Just before going to the University Settlement event I was pleased to meet Kristin Ellington of the multi-media firm Funny Garbage. We talked about the Lower East Side, my photographs, and her interest in creating a website dealing with the neighborhood, history and the present. I am looking forward  to seeing her  project take shape.

 

New York/Wyoming


Somewhere in Wyoming, 1981 (4×5 film) — © Brian Rose

First some disappointing news. My application for a grant from the Graham Foundation to photograph the New Religious Landscape, a project focused on Megachurches and their surrounding areas was unsuccessful. At this point, it is just about impossible for me to take on ambitious projects like this without external funding.

I’ve spent the last two days writing an article for a special edition of the Fast Folk magazine dedicated to Jack Hardy, the late songwriter. Scroll down for earlier posts on Hardy. It is basically the story of my relationship with Jack from 1977 to 1984 during which time we hung out in Greenwich Village folk clubs,, traveled across country together and established the Fast Folk, a monthly LP/magazine of the latest songs from our weekly songwriters meetings. I may post the article here later, but I don’t want to preempt the Fast Folk, which will be available online–probably through the Smithsonian Folkways record label. Stay tuned for that.

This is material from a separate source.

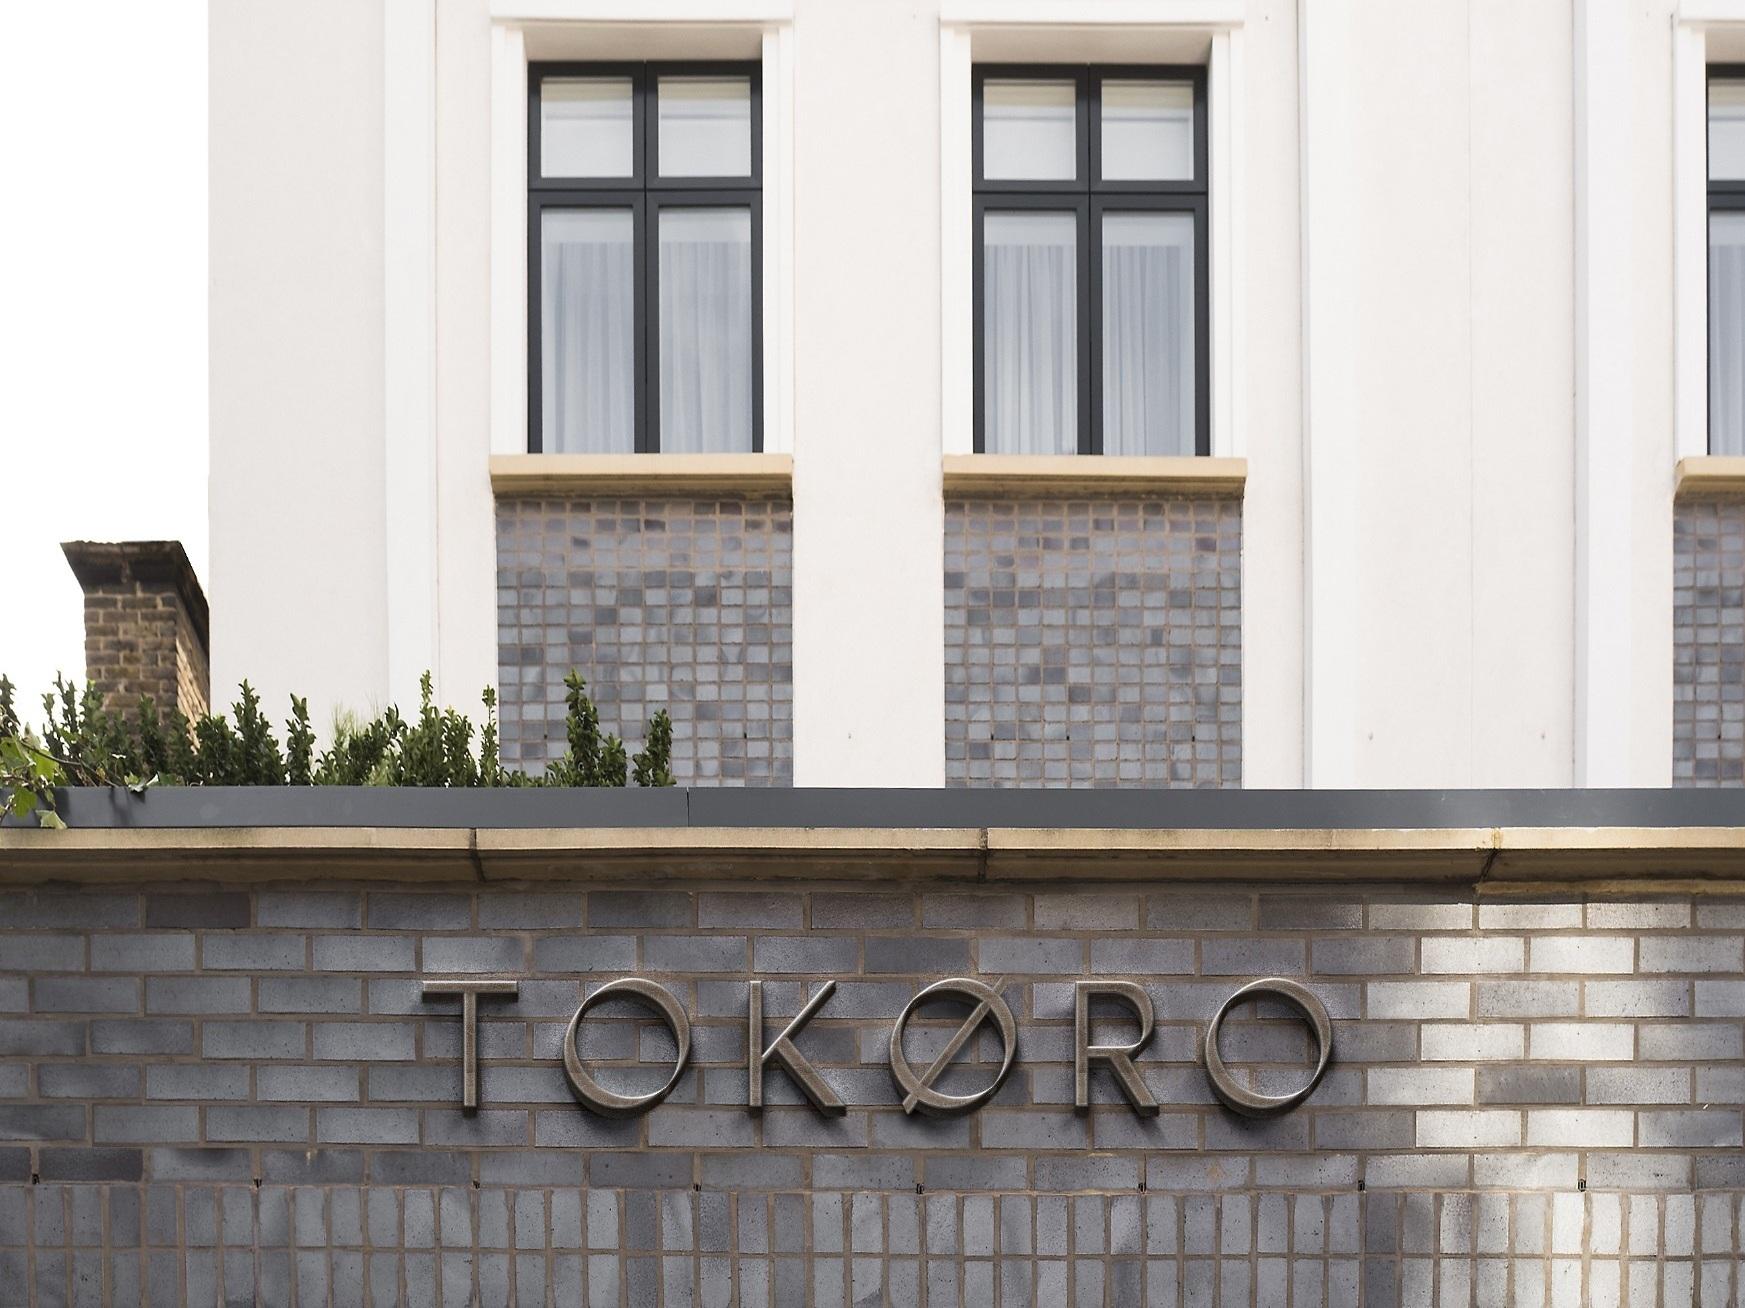 Tokoro_Signage.jpg

The photograph above was taken while driving with Hardy through Wyoming in 1981. There are many other pictures from that trip, and none have ever been printed. A slight light leak in my view camera caused streaking on about half of the images making them near impossible to print–the old way in the darkroom. The defect is easily remedied with Photoshop. So, stay tuned for a series of images taken all over the United States in the early ’80s.

New York/Lower East Side


Chrystie Street — © Brian Rose

My slide talk went well last night at the Mid-Manhattan library. I heard there were 58 people in the audience. Ed Fausty who did the 1980 Lower East Side photographs with me was there and participated in the Q&A. I sold a few books, and talked with lots of people afterward.

I stepped through Time and Space on the Lower East Side reading most of the text pieces and adding a few additional comments here and there. Since I was showing the images one at a time, some of the connections between images–on facing pages in the book–were not so easily made. I don’t mean actual before/after pairs, which are obvious enough, but other less direct relationships. But it was my choice to fill the screen with large single images rather than show pairs at a smaller size.

Here is a review of the slide talk.

***

Today I am recording one of Jack Hardy’s songs for a special project dedicated to the late songwriter. Jack died a couple of weeks ago–a great shock to all of us in the folk songwriting community in New York and elsewhere. Jack and I founded the Fast Folk back in 1981 with the intention of getting new songs on the street quickly while still fresh. I will write more about the Fast Folk in the future. Tomorrow there will be a memorial event:

Jack Hardy Memorial Gathering in New York City: There will be an evening of song in memory of Jack, hosted by David Massengill, on March 31st, 2011. It will be at the Christopher Street Coffee House, in St. John’s Lutheran Church, at 81 Christopher Street. There is more information on the Christopher Street Coffee House web site

A number of YouTube videos of Jack Hardy performances have been added recently including this one from the 50th anniversary of the former Village folk club Folk City. It was the last time I saw Jack perform on stage. I was doing still photographs for the event and that’s the back of my head interfering with some of the video–sorry. This is Jack at his best surrounded by terrific musicians including Kirk Siee on bass, Mark Dann on guitar, and Lisa Gutkin on violin. Jack’s daughters Morgan and Miranda sing harmonies, and midway through, Terre Roche joins them.

And here’s a video of Suzanne Vega visiting the songwriters’ exchange at Jack Hardy’s apartment on Houston Street. I wasn’t there that day, but I see several familiar faces–Tim Robinson, Frank Tedesso, and Erik Frandsen–three of the best songwriters around.